軽症うつ病あるいはメランコリー親和型うつ病
mild endogenous depression
大前 晋
(国家公務員共済組合連合会虎の門病院・精神科部長(東京))

◆疾患概念

【定義・病型】

 「メランコリー親和型うつ病」は,2005年に「ディスチミア親和型うつ病」が提唱された際に,その対概念として命名された.それまでは「軽症うつ病」「軽症内因性うつ病」とよばれていた.

 軽症うつ病は,笠原・木村分類(1975)Ⅰ型として知られた病態である.起源はKahlbaumのヴェコルディア・ディスチミアVecordia dysthymia(1863)までさかのぼることができ,HeckerがチクロチミーCyclothymie(1898)として病態記載を完成させている.

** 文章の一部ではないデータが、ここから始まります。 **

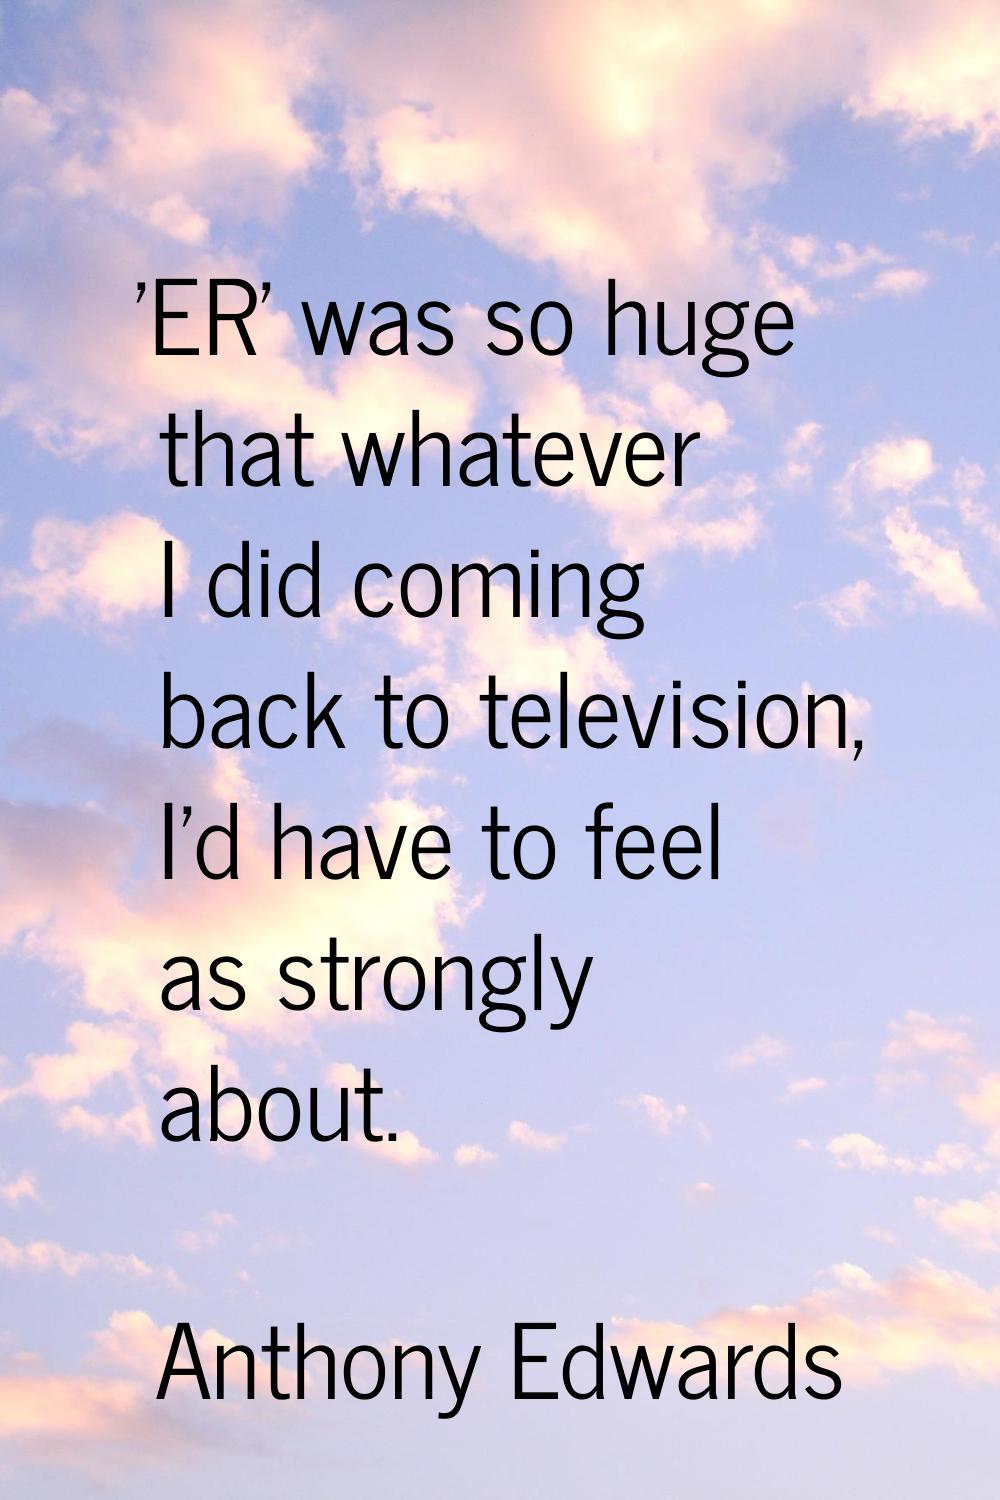 'ER' was so huge that whatever I did coming back to television, I'd have to feel as strongly about.

 軽症うつ病(日)と,mild depression(英,米)は,多少のオーバーラップがあっても,全く違ったものとして考えなければならない.従来,英米圏でデプレッションといえば,疲労感や身体的不定愁訴を主訴として,かかりつけ医を訪れる病態,あるいは職業上や家庭内の葛藤を主訴として,精神分析医を訪れる病態を

関連リンク

この記事は医学書院IDユーザー(会員)限定です。登録すると続きをお読みいただけます。

ログイン
icon up
あなたは医療従事者ですか?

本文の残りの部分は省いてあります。